The Brazilian Space Agency (AEB) is seeking to evolve its space technology capability and identify new opportunities for new projects that can potentially bring socioeconomic benefits, in areas such as analysis of satellite data.
With a view of identifying opportunities around technology solutions based on space systems and building proximity to the industry to develop projects in the field, the AEB, an autarchy linked to the Ministry of Science, Technology, Innovations and Communications (MCTIC) signed a protocol of intentions with Visiona, , a joint venture between Brazilian aerospace firm Embraer and state-owned telecoms company Telebras.

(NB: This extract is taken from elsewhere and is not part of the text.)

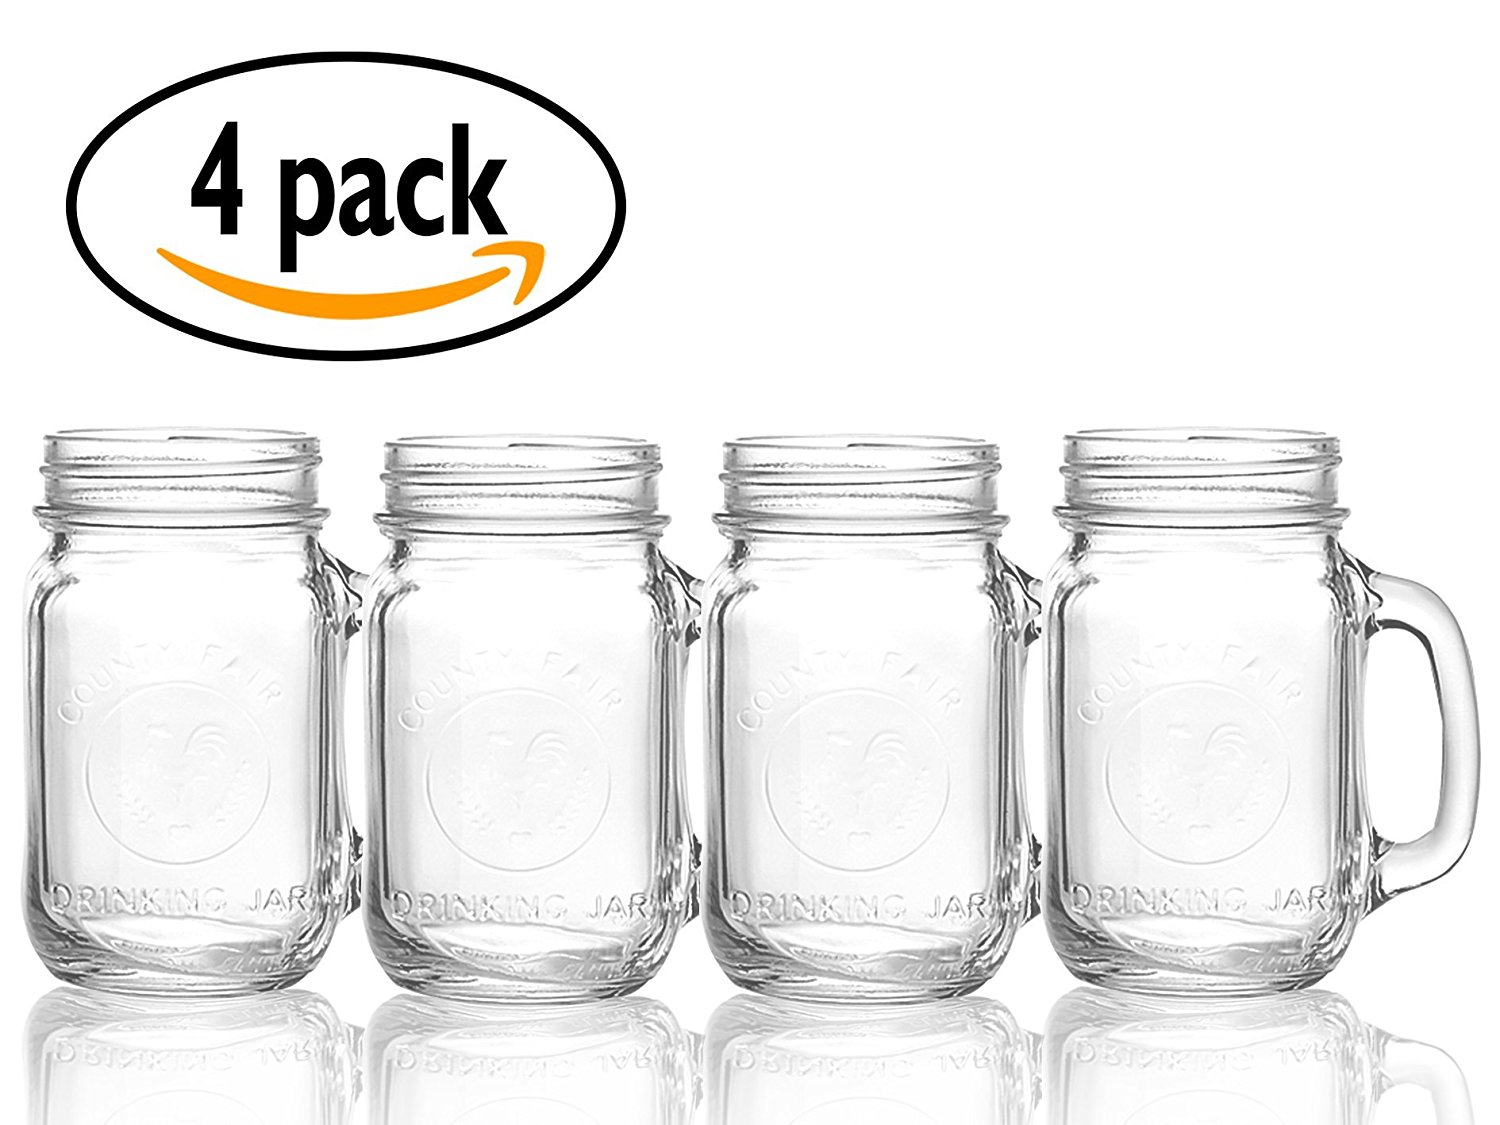 Favors Great For Gifts Mason Jar 4 Ounce Mugs Candles And Crafts Set of 12 Glasses With Handles And Leak-Proof Lids Drinks
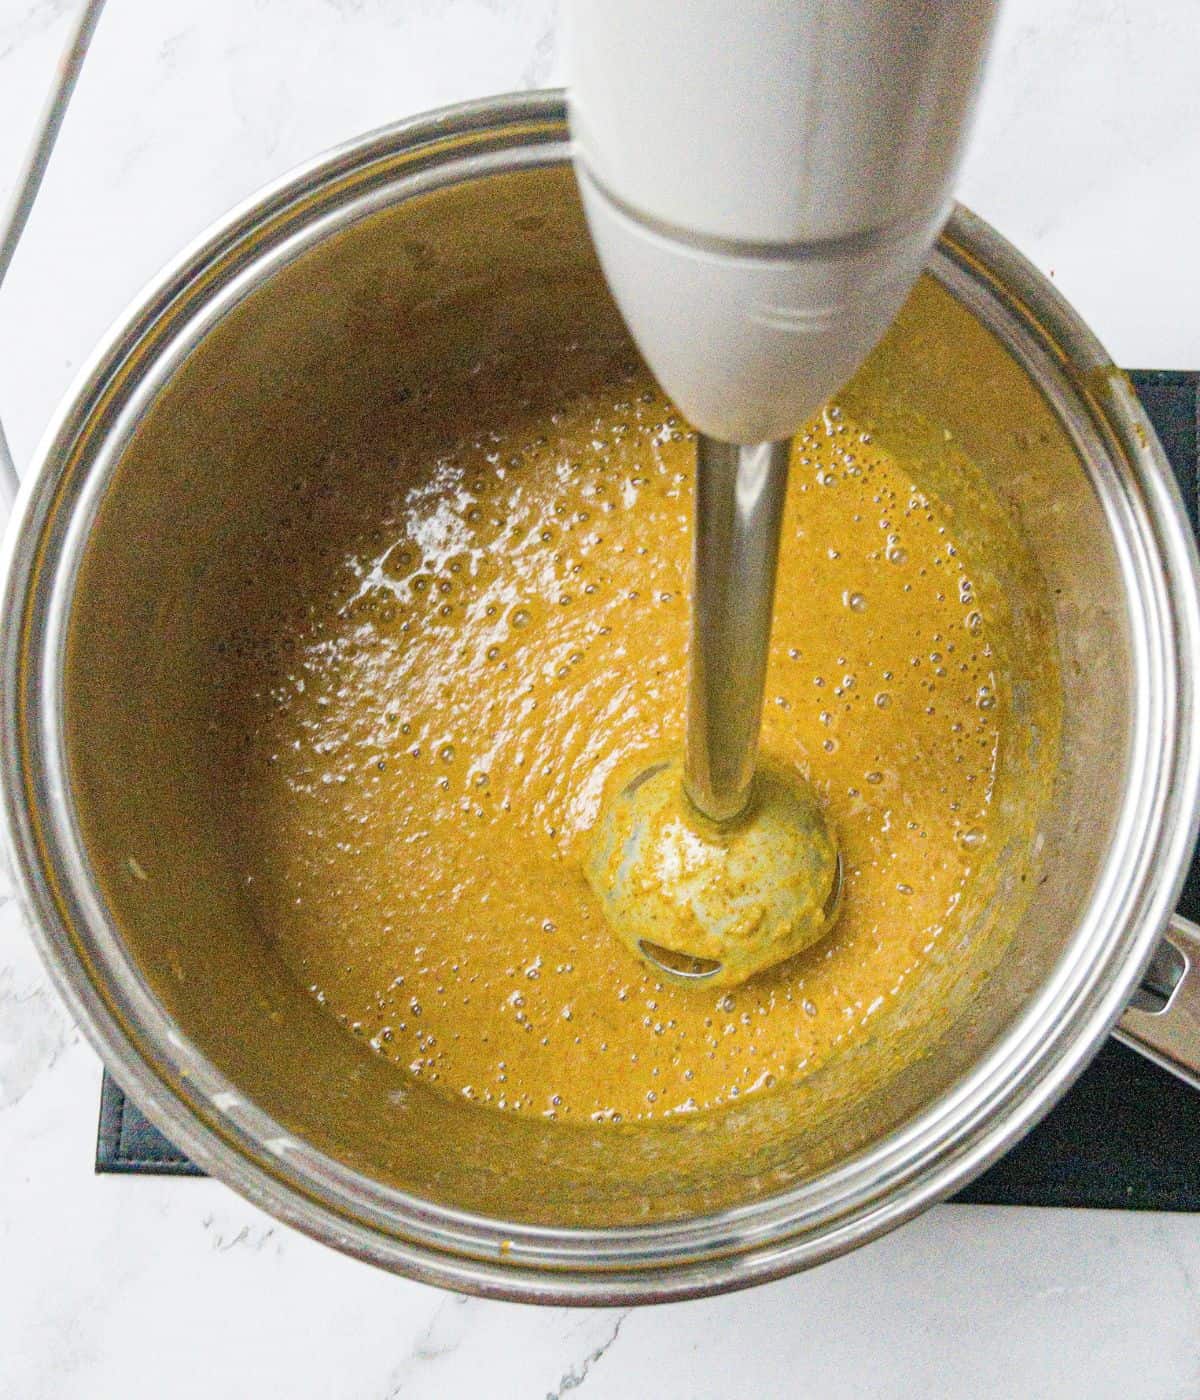 Katsu curry sauce being blended in a saucepan.

The two-year partnership with the company, which has delivered Brazil’s Geostationary Defense and Strategic Communications Satellite (SGDC), will aim to exploit the possibility of providing technical services, consultancy and establishing technology transfers around satellite systems and sensors.
The organizations also want to combine their expertise to develop technology systems based on space platforms, integrating data-intensive technologies such as Internet of Things (IoT) and Big Data in new geotechnology applications and solutions for purposes such as mapping and identification of natural risks.
Prior to the completion of SGDC, Brazil did not have satellites of its own and leased eight satellites operated by foreign companies. According to Visiona’s president João Paulo Campos, the company’s successful delivery of Brazil’s first satellite paves the way for the evolution of the country’s space technology ambitions.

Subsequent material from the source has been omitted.